L.R.M. v. P.R.M.

CRANDALL, Judge.

Petitioner, L.R.M. (mother), appeals from that portion of the decree of dissolution of her marriage to respondent, P.R.M. (father), which awarded father primary custody of the parties’ two minor children; namely, N.R.M. (daughter), born December 1981, and A.J.M. (son), born September 1984. On appeal, mother raises several claims of error. In essence, all of her points challenge the child custody award as being against the weight and sufficiency of the evidence. We affirm.
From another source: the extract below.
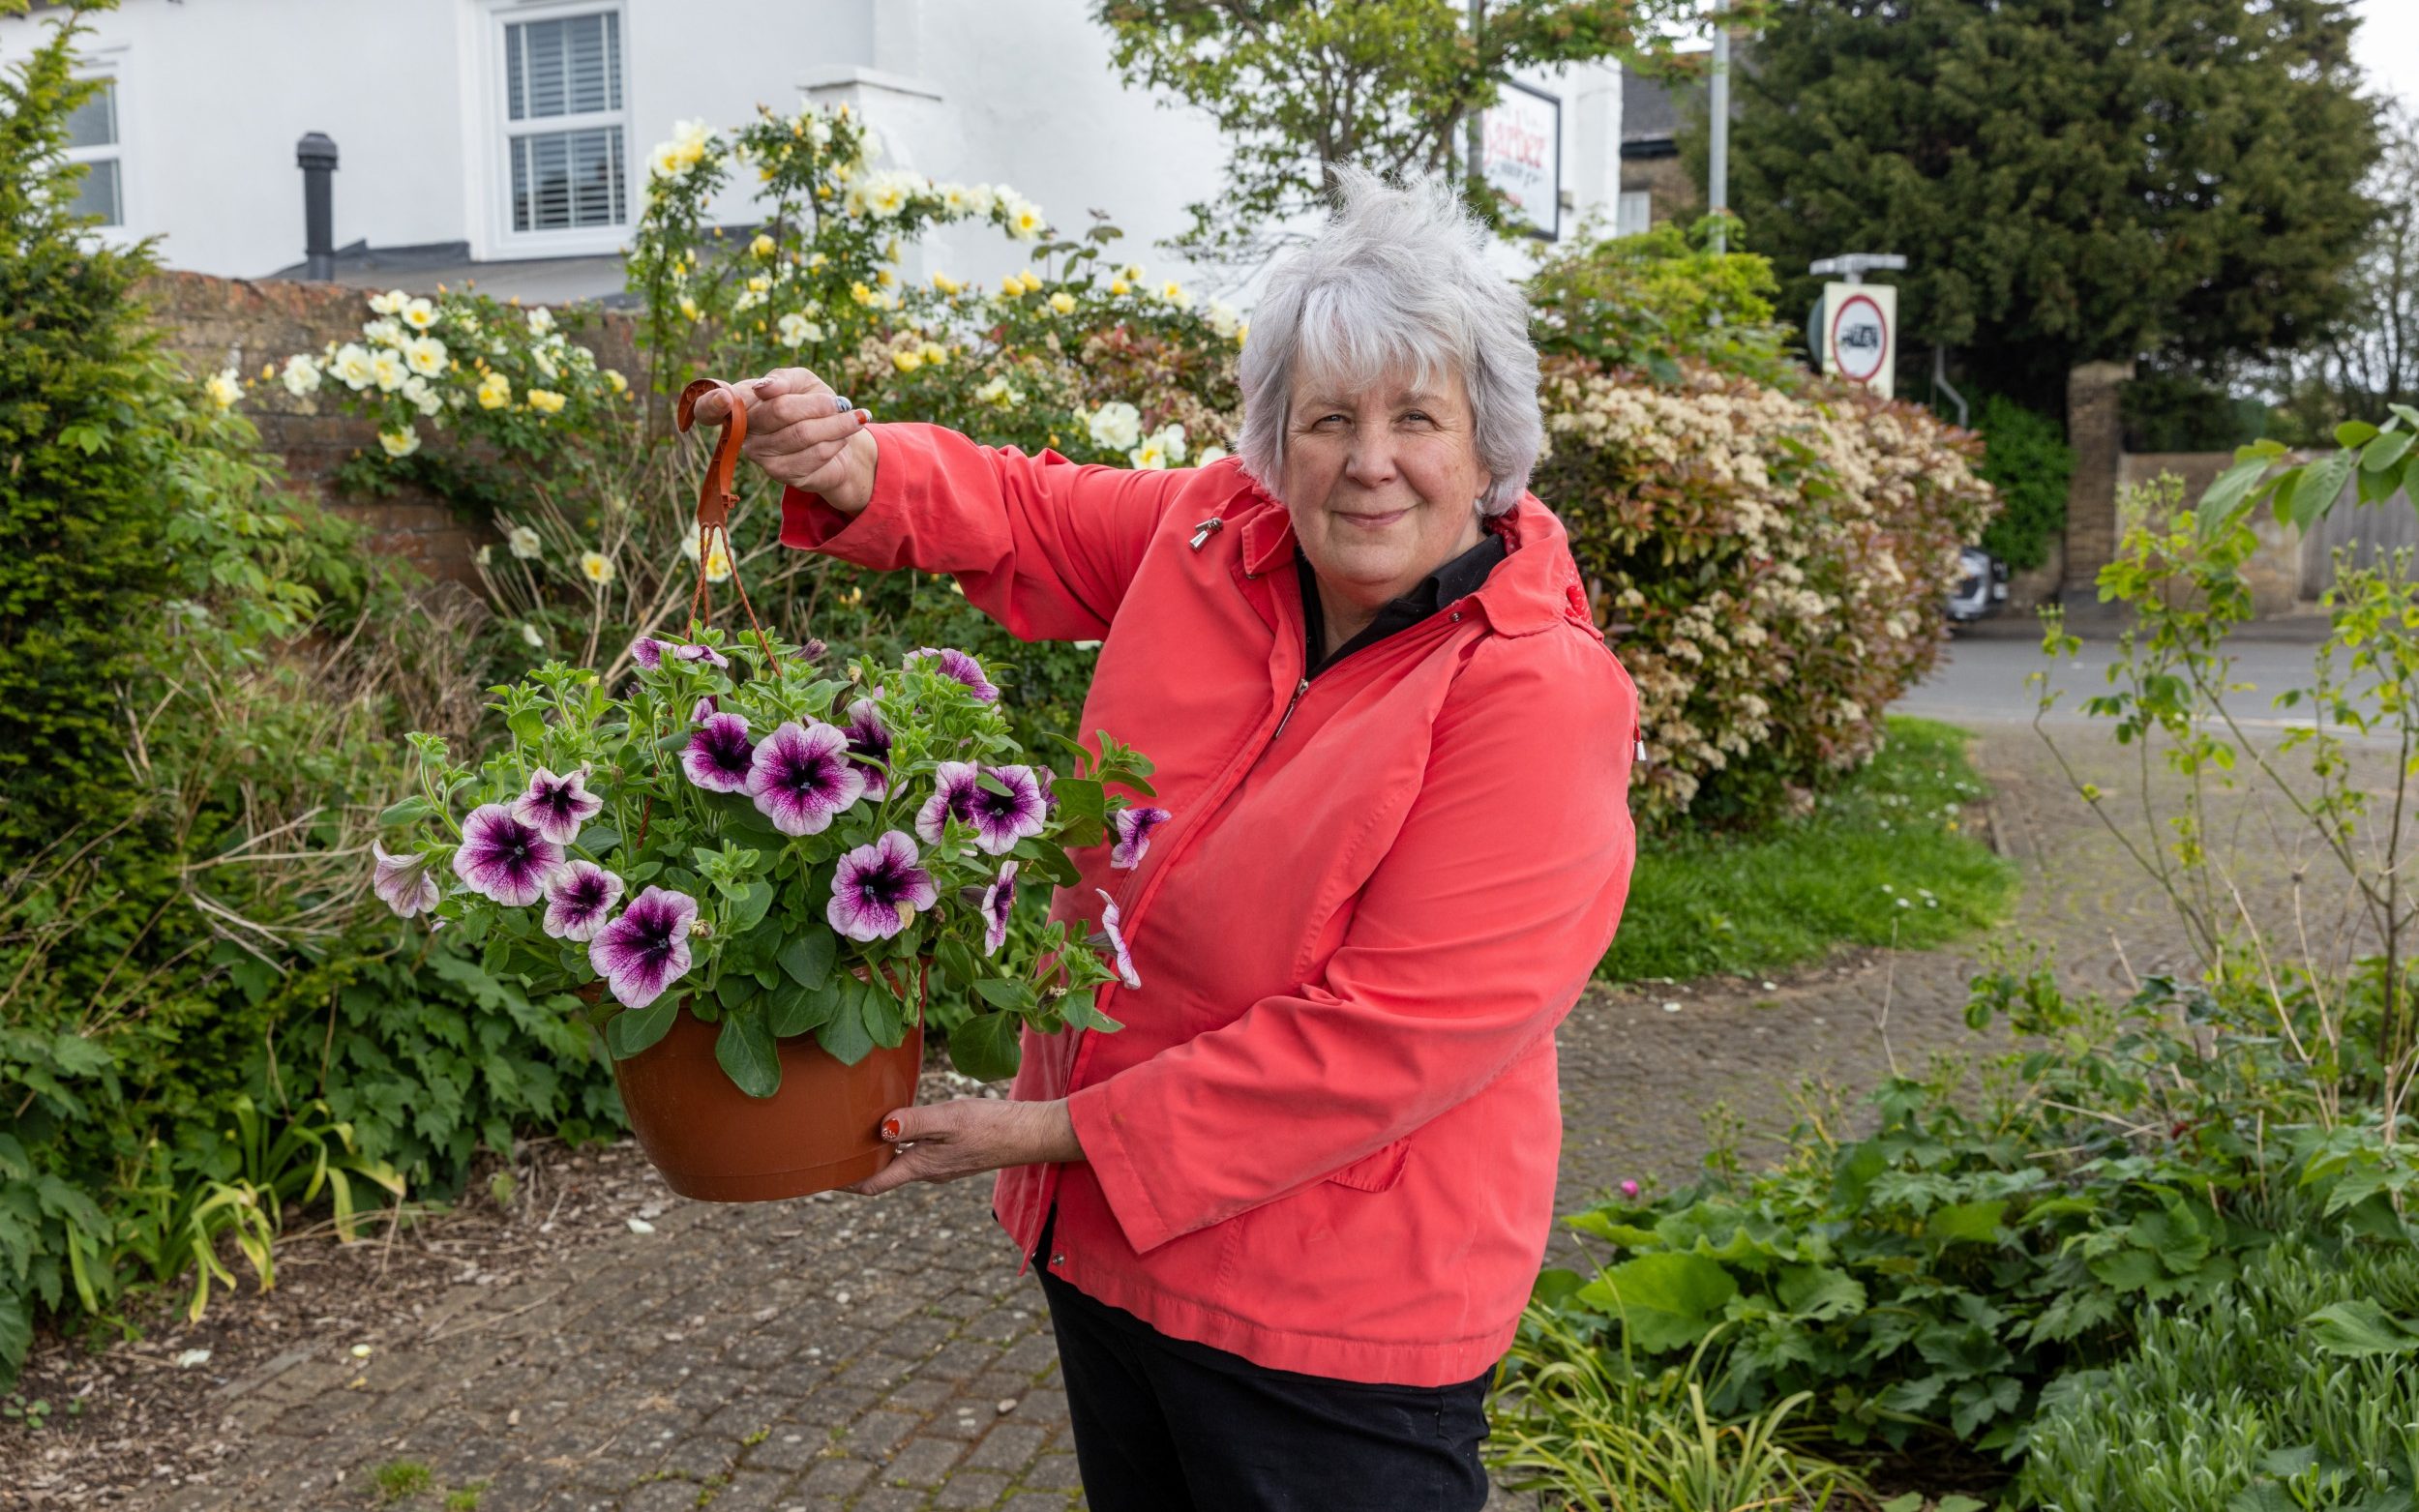 take £300 health and safety course before installing hanging baskets, council tells volunteers

We first note that the court must determine custody in accordance with the ultimate and sole test of the best interests of the child. Section 452.375.2, RSMo (Supp.1988). The trial court has considerable discretion in awarding custody, and its judgment should not be disturbed unless the best interests of the child so demand. D.K.L. v. L.C.L., 764 S.W.2d 664, 666 (Mo.App.1988). Reversal of the custody award is justified only if we have the firm conviction that the judgment was wrong, that the decree had no substantial evidence to support it, that it was against the weight of the evidence, or that it erroneously declared or applied the law. Murphy v. Carron, 536 S.W.2d 30, 32 (Mo. banc 1976). In the present case, there are no findings of *112fact or conclusions of law. We therefore assume that all fact issues were found in accordance with the result reached. Rule 73.01(a)(2).

There is substantial evidence in the record that mother engaged in extramarital affairs. She falsely accused father of sexually abusing their two children. She prompted the children with regard to the specific acts the children claimed father committed against them. She deliberately attempted to prejudice the minds of the children against father. She constantly interfered with father’s visitation rights. There is also evidence that, throughout the marriage, father helped care for the children and the house. He was employed full-time; but his family intended to help him with the children, if necessary. The foregoing evidence, if believed by the fact finder, supports an award of primary custody of the children to father.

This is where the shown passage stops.